Beijing (ANTARA News) - Para pemimpin utama Tiongkok melakukan pertemuan untuk menyusun kebijakan-kebijakan ekonomi yang akan diterapkan pada 2015 karena negara dengan ekonomi terbesar kedua di dunia itu mengalami pertumbuhan jangka panjang lebih lambat, demikian dilaporkan Xinhua, Selasa.

Menurut Xinhua, para pembuat kebijakan berkumpul untuk Konferensi Kerja Ekonomi tertutup yang dilaksanakan untuk "memetakan rencana" tahun mendatang yang didasarkan pada ekonomi yang "new normal".

Presiden Xi Jinping dan pemimpin Tiongkok lainnya telah sering membahas tentang kebijakan ekonomi yang "new normal" dalam upaya mencoba menempatkan para konsumen Tiongkok yang semakin makmur pada pusat ekonomi, ketimbang investasi dan ekspor.

Para pemimpin Tiongkok menyatakan siap mentolerir ekspansi yang lebih lambat untuk mencapai pertumbuhan ekonomi yang lebih berkelanjutan.

Xinhua tidak menyebutkan berapa lama pertemuan itu akan berlangsung. Namun sebelumnya, pertemuan untuk membahas kebijakan ekonomi itu seringkali berlangsung selama dua sampai tiga hari.

Pertemuan tahunan itu diawasi ketat guna mendapatkan petunjuk tentang target ekonomi Tiongkok pada tahun mendatang untuk pertumbuhan produk domestik bruto (PDB), meskipun kesimpulan rapat mungkin tidak akan diumumkan secara resmi hingga Maret.

Para ekonom semakin mengharapkan penurunan target resmi PDB menjadi sekitar tujuh persen karena adanya tekanan yang berkelanjutan terhadap perekonomian serta komitmen pemerintah untuk mereformasi hal itu.

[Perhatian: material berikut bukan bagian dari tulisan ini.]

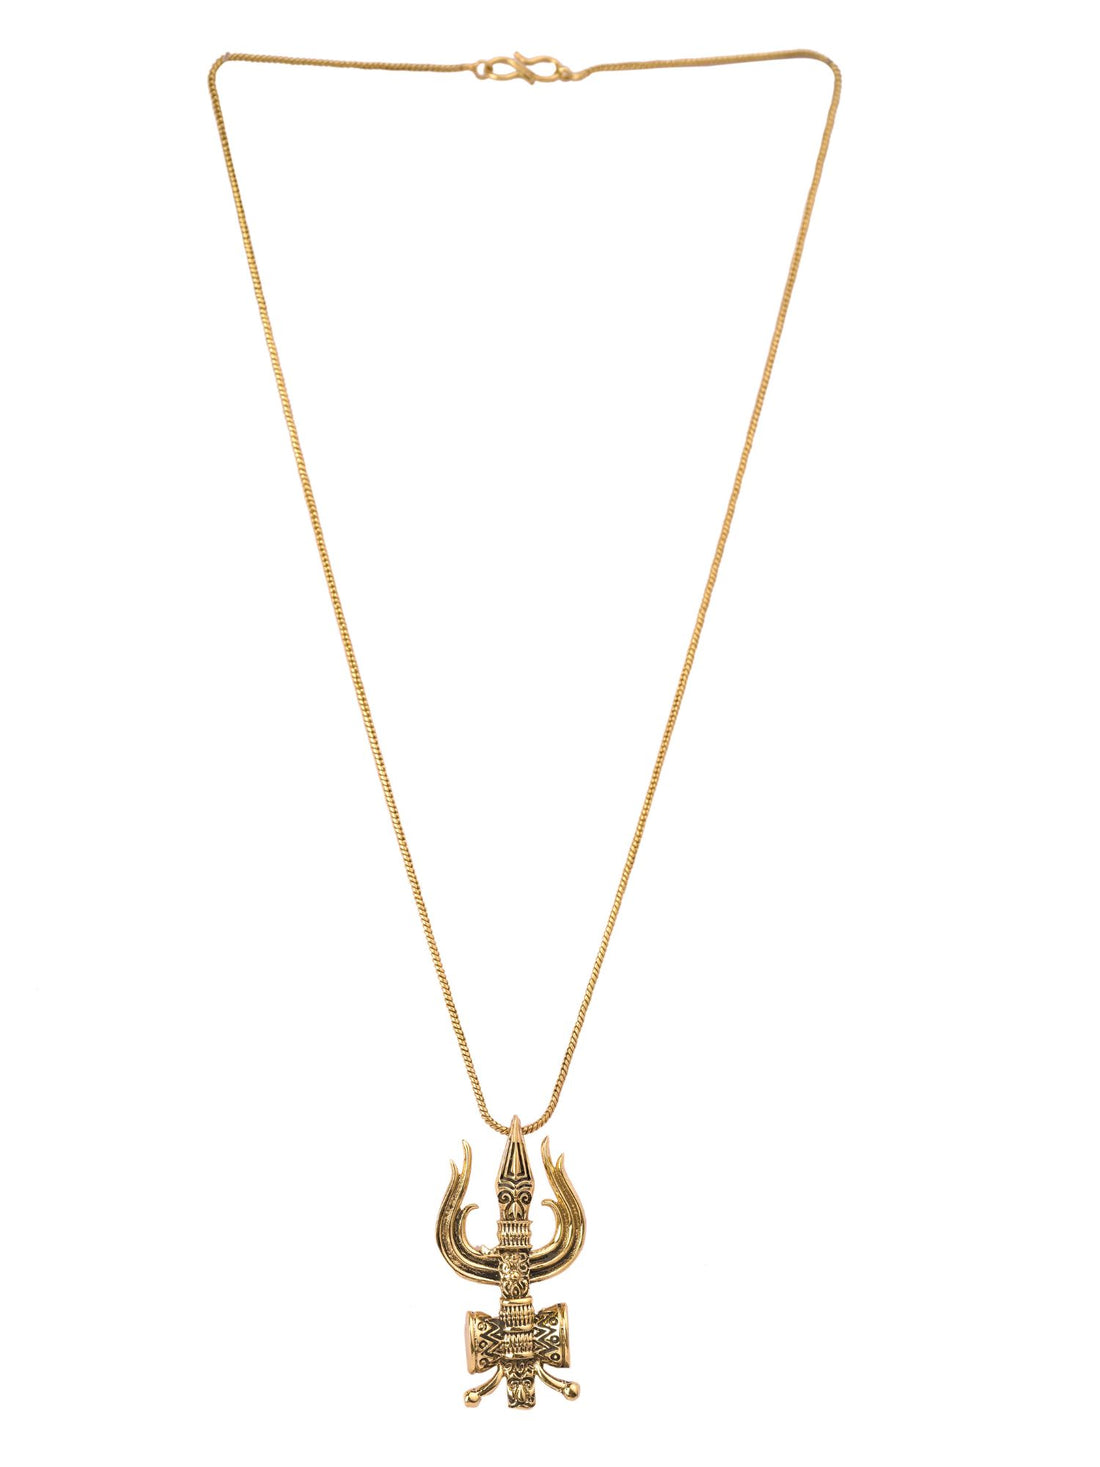 Studio One Love Trisula Brass-Plated Pendant With Chain

Pemerintah Tiongkok terakhir kali menurunkan target PDB pada 2012 dari delapan persen menjadi 7,5 persen. Penurunan target PDB menjadi tujuh persen akan menjadi yang terendah sejak 2004.

Politburo dari Partai Komunis Tiongkok yang berkuasa mengatakan pekan lalu bahwa pemerintah akan "mempertahankan ekonomi berada dalam kisaran yang wajar" pada 2015.

Pada kuartal ketiga ini, pertumbuhan ekonomi Tiongkok adalah sebesar 7,3 persen, yakni pertumbuhan yang paling lambat sejak puncak krisis keuangan global pada awal 2009.

Perekonomian Tiongkok kini menghadapi berbagai tantangan termasuk tingkat utang yang tinggi, ancaman deflasi yang meningkat, dan penurunan harga-harga, demikian laporan AFP.